Une fois la mission de l’expert (l’estimation et le dépôt du rapport) terminée, la phase qui suit est celle de l’attribution de l’immeuble. C’est l’aboutissement de tout le processus entamé depuis la conclusion de la convention d’hypothèque incluant le pacte commissoire.

B) L’attribution de l’immeuble au créancier.

Le créancier hypothécaire, pour se faire attribuer l’immeuble, doit d’abord mettre le constituant en demeure (a), avant de procéder à la mutation (b).

a) La mise en demeure.

La mise en demeure est l’acte par lequel le débiteur est sommé de payer le créancier. C’est une dernière chance offerte au débiteur d’éviter l’humiliation publique liée à une exécution forcée pour cause de non-paiement de ses dettes.
Avant de procéder à la mise en demeure, le créancier doit s’assurer que sa créance répond aux conditions de certitude, de liquidité et d’exigibilité.
A la suite de la mise en demeure, le créancier doit attendre l’écoulement d’un délai de 30 jours. Si à l’expiration de ce délai, le débiteur ne s’exécute toujours pas, sa défaillance est alors établie et le créancier peut dès lors entamer le transfert de la propriété de l’immeuble hypothéqué à travers la mutation.

b) La mutation.

La mutation est l’aboutissement de la procédure de réalisation conventionnelle de l’hypothèque. C’est la procédure par laquelle la conservation foncière constate le transfert de la propriété de l’immeuble du débiteur(constituant) au créancier hypothécaire, en procédant à des inscriptions modificatives relatives au titre foncier conformément à la transaction qui est à la base dudit transfert.
Cette procédure étant totalement confiée à la conservation foncière (l’institution en charge de la propriété immobilière) dans l’État-partie, c’est auprès de cette institution que les formalités de mutation doivent être accomplies.

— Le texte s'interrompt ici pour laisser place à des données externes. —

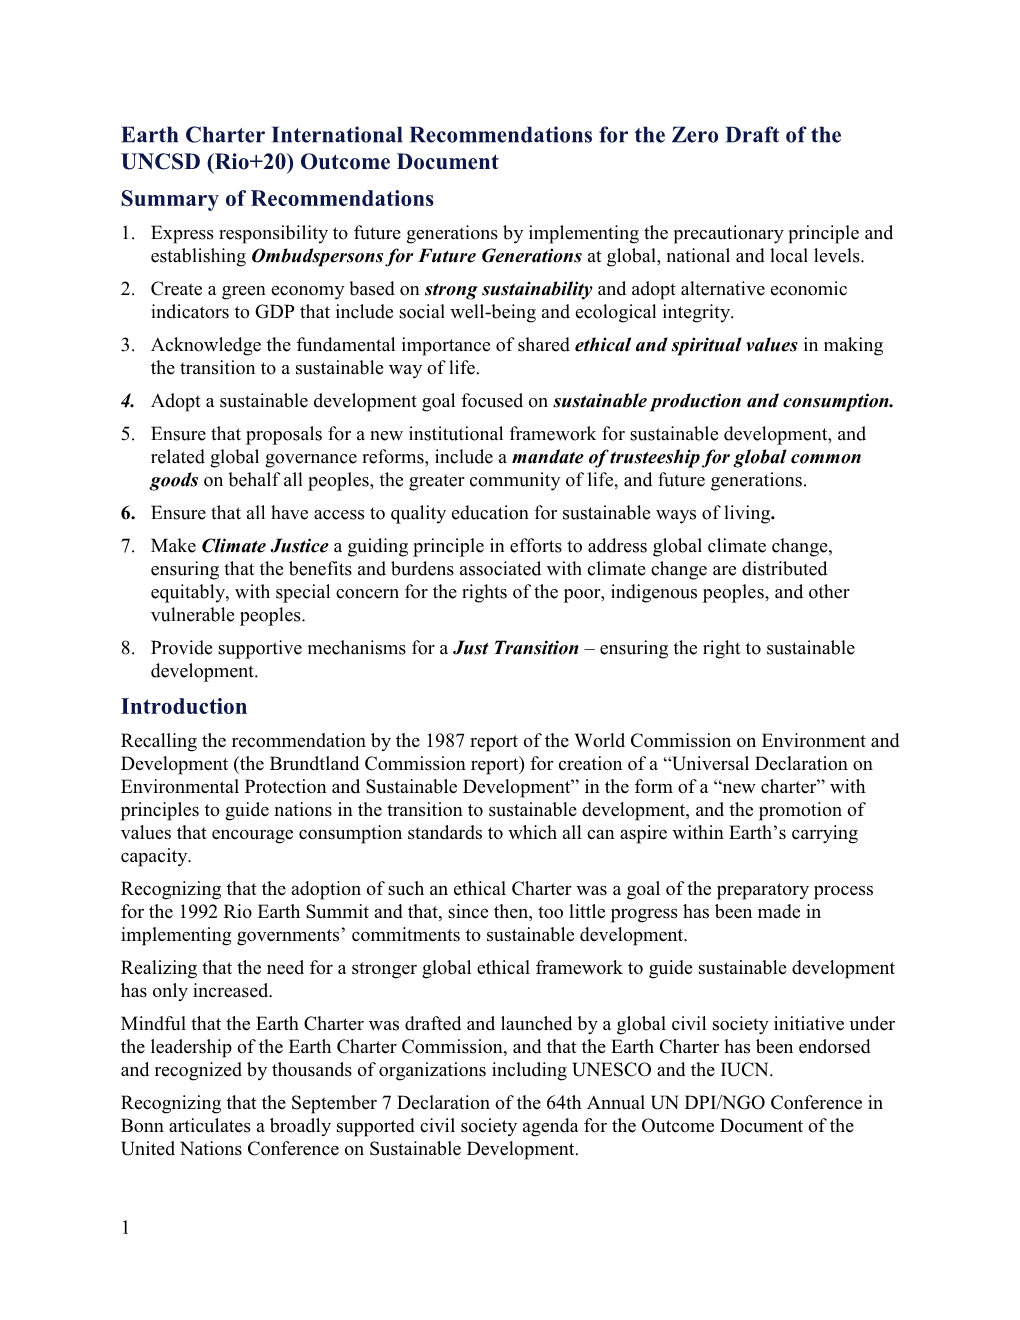 (Rio+20) Outcome Document Summary of Recommendations 1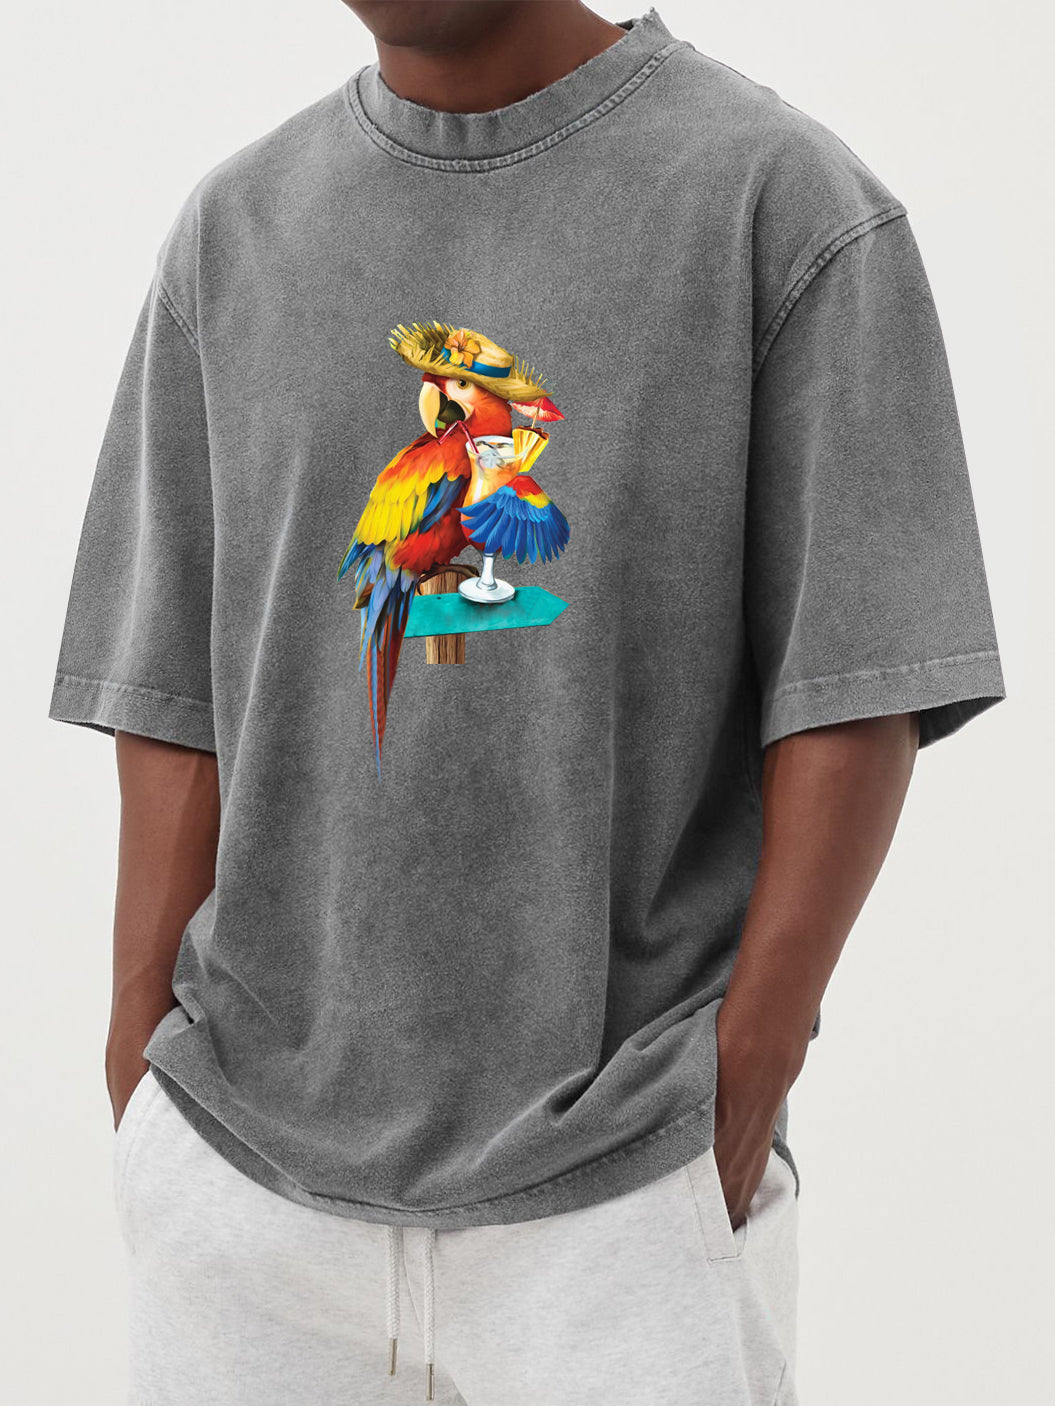 Men's Parrot Cocktail Hawaiian Print Washed Distressed Cotton T-Shirt Top

Le titre foncier étant le document qui constate et qui garantit la propriété d’une personne sur un immeuble, la mutation va permettre au créancier hypothécaire d’être reconnu dans les livres de la conservation foncière et sur la copie du titre foncier qui lui sera délivrée comme étant le titulaire des droits de propriété sur l’immeuble qui appartenait à son débiteur, sur lequel l’hypothèque a été consentie.

Afin que l’acte de mutation soit opposable à l’administration publique, il faut procéder à son enregistrement dans le mois de sa date.
L’article 521 du Code général des impôts dispose à cet effet que :

« doivent être enregistré dans le délai d’un mois de leur date, les actes, documents ou opérations juridiques : [...] 4. Les actes portant transmission de biens immeubles... ».

Ces opérations une fois terminées, l’immeuble dévient la propriété exclusive du créancier hypothécaire. Elle libère totalement le constituant à l’égard du créancier hypothécaire. Cependant, si la valeur de l’immeuble est supérieure à la créance du créancier hypothécaire, il se passe un changement de statut, le créancier hypothécaire va devenir le débiteur de son ex débiteur pour le montant du reliquat de la valeur de l’immeuble. Ainsi, le créancier hypothécaire devenu propriétaire de l’immeuble a l’obligation de procéder au versement de la somme du reliquat au constituant. Mais, s’il existe d’autres créanciers hypothécaires, le créancier doit faire consigner la somme de la différence entre les mains d’un séquestre. C’est ce qui ressort de l’alinéa 2 de l’article 200 de l’AUS.